Materials and Methods
Study Population
Studies of the Etiology of Rheumatoid Arthritis (SERA) is designed to examine the role of environmental and genetic factors in the development and progression of RA-related autoimmunity and to explore pre-clinical immunological changes and other relevant phenotypes (32). Probands with RA are identified from academic centers, Veterans’ hospitals, and private and public sector rheumatology clinics at sites based in Denver, New York, Chicago, Omaha (as center of the Rheumatoid Arthritis Investigational Network [RAIN]), Seattle and Los Angeles. Probands must meet ≥ 4 1987 American College of Rheumatology (ACR) classification criteria for RA based on chart review, or have a diagnosis of RA from a board-certified rheumatologist (36).

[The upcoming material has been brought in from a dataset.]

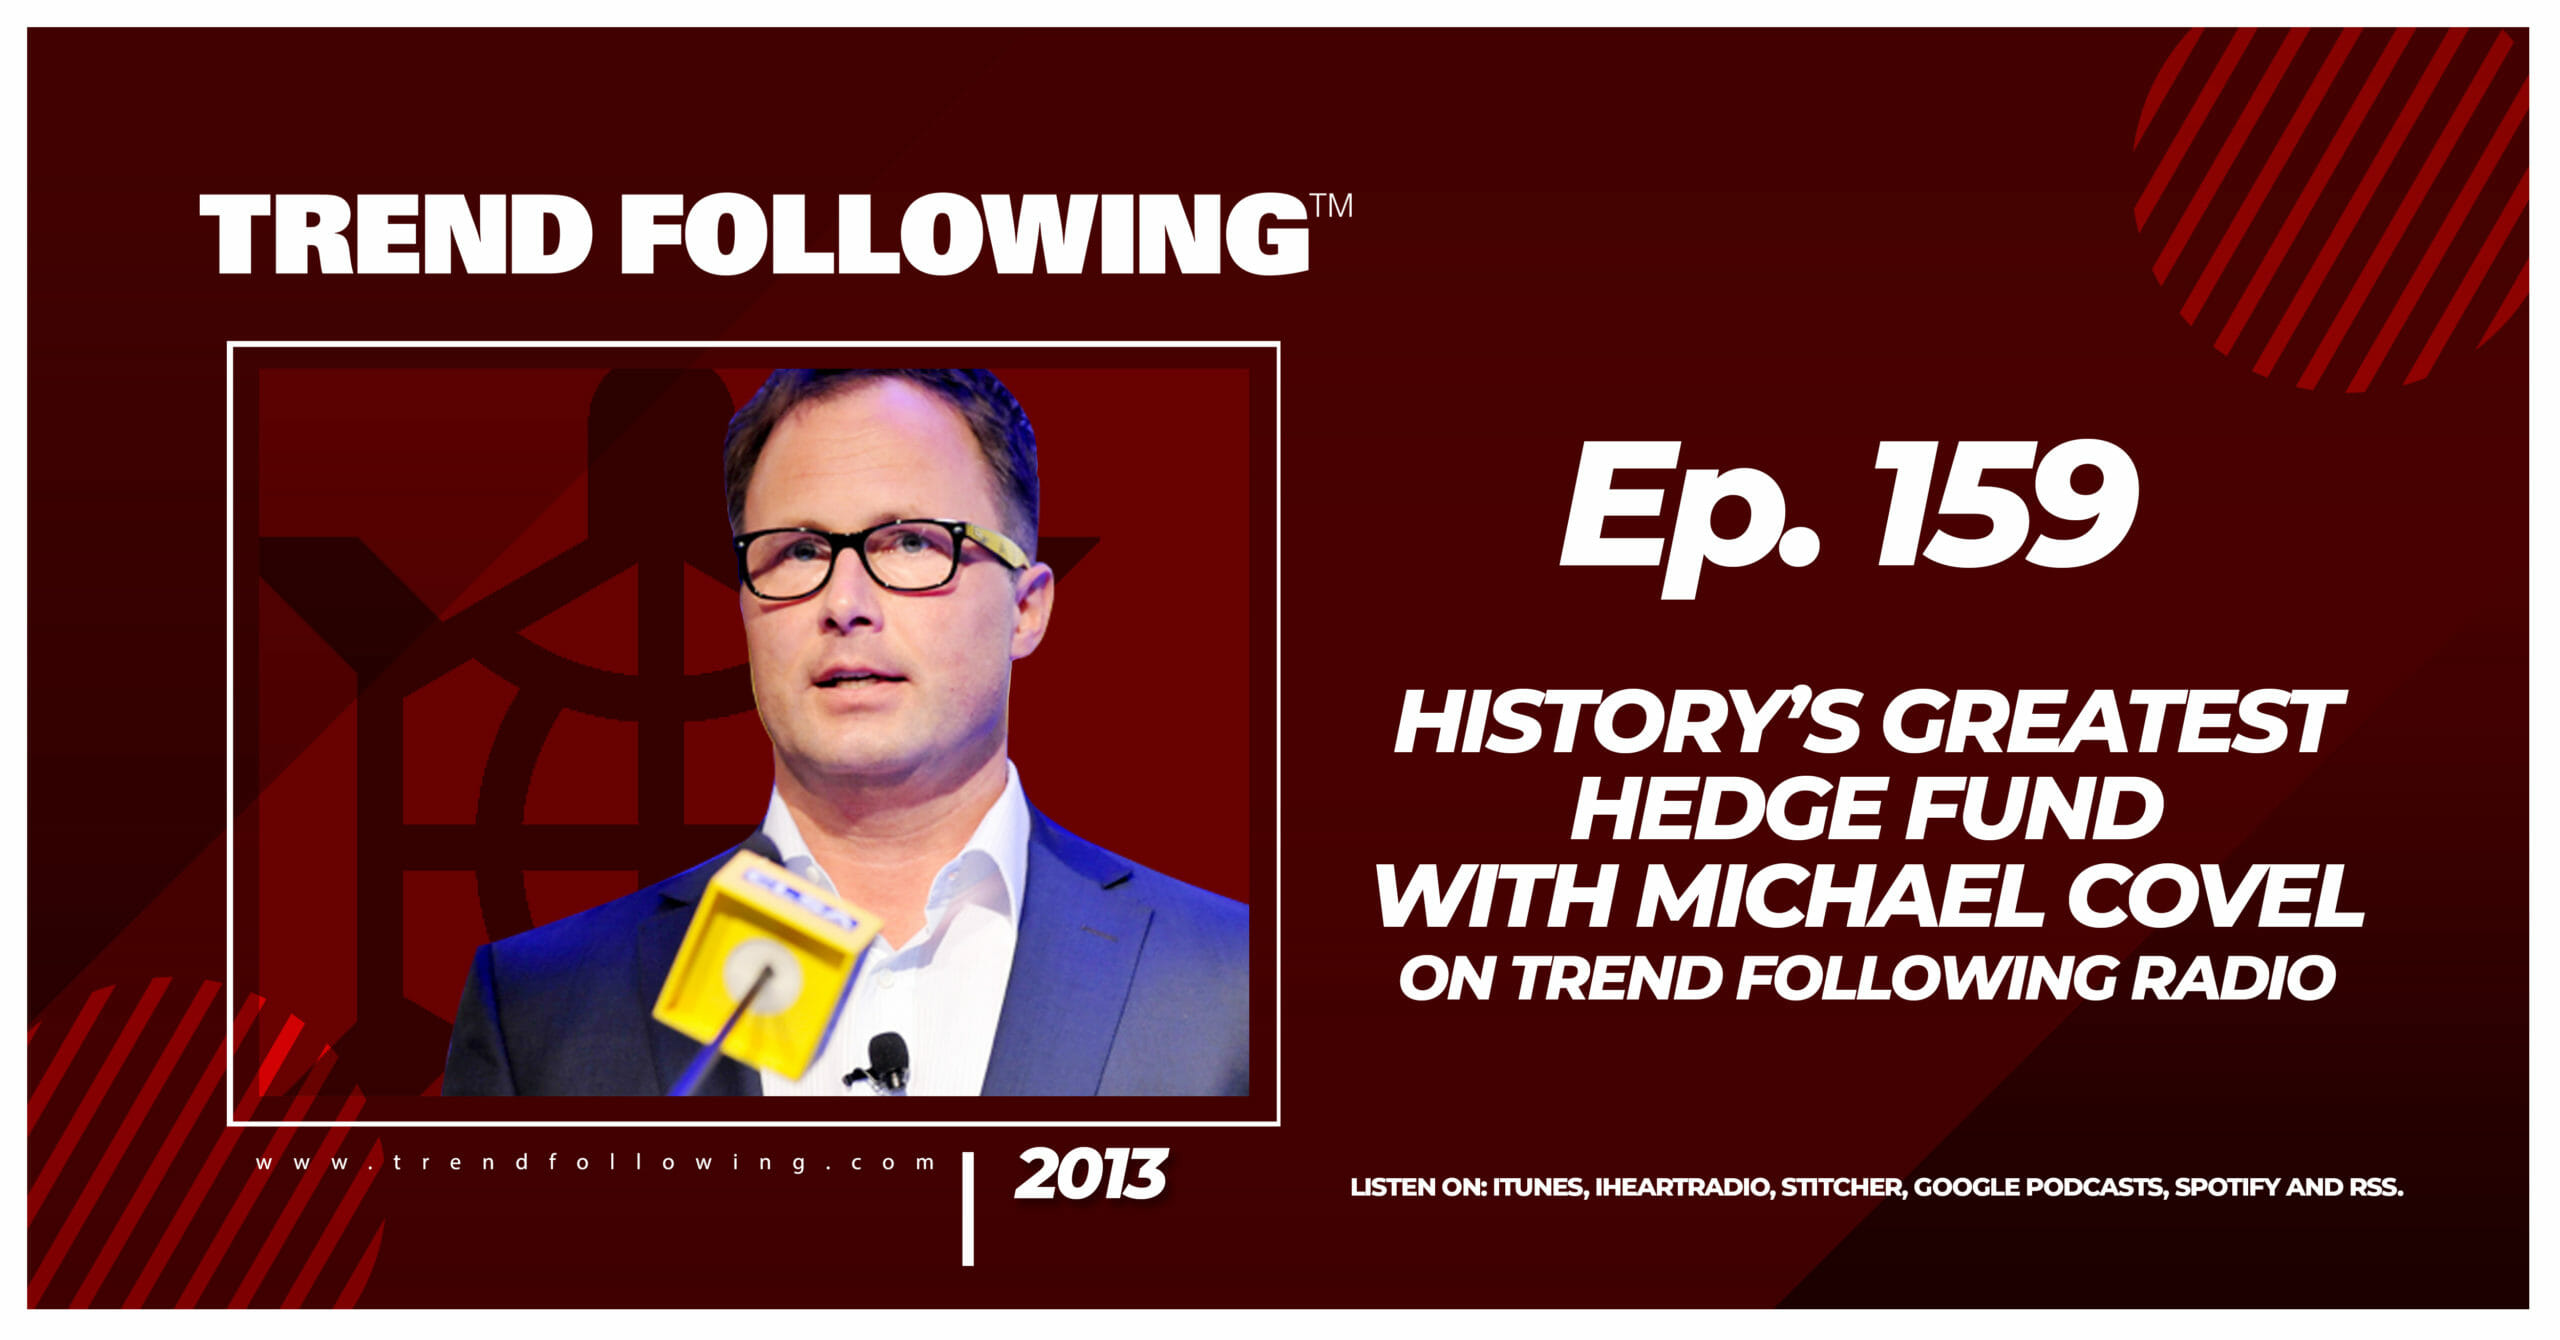 History’s Greatest Hedge Fund with Michael Covel on Trend Following Radio

FDRs of the probands with RA are recruited into SERA, as their risk for RA is estimated to be increased 3–9-fold over the general population (26). The definition of FDR includes parent, full sibling or offspring of a proband. Recruitment of FDRs occurs through their probands or responses to advertising. FDRs are eligible to participate in the study if they do not have a diagnosis of RA and are ≥ 18 years old. At the initial research visit, FDRs complete disease and exposure assessment questionnaires, undergo a standardized interview and 68-count joint examination by a trained study physician or nurse, and have blood drawn. FDRs determined to have RA based on 1987 ACR Criteria (36) at the time of their initial visit are excluded from the SERA longitudinal cohort. All eligible FDRs are invited for longitudinal follow-up, including blood draws, exam, interview and questionnaires; FDRs that are found to be positive for any RA-related autoantibody at any visit are seen annually, and autoantibody negative FDRs are seen every other year.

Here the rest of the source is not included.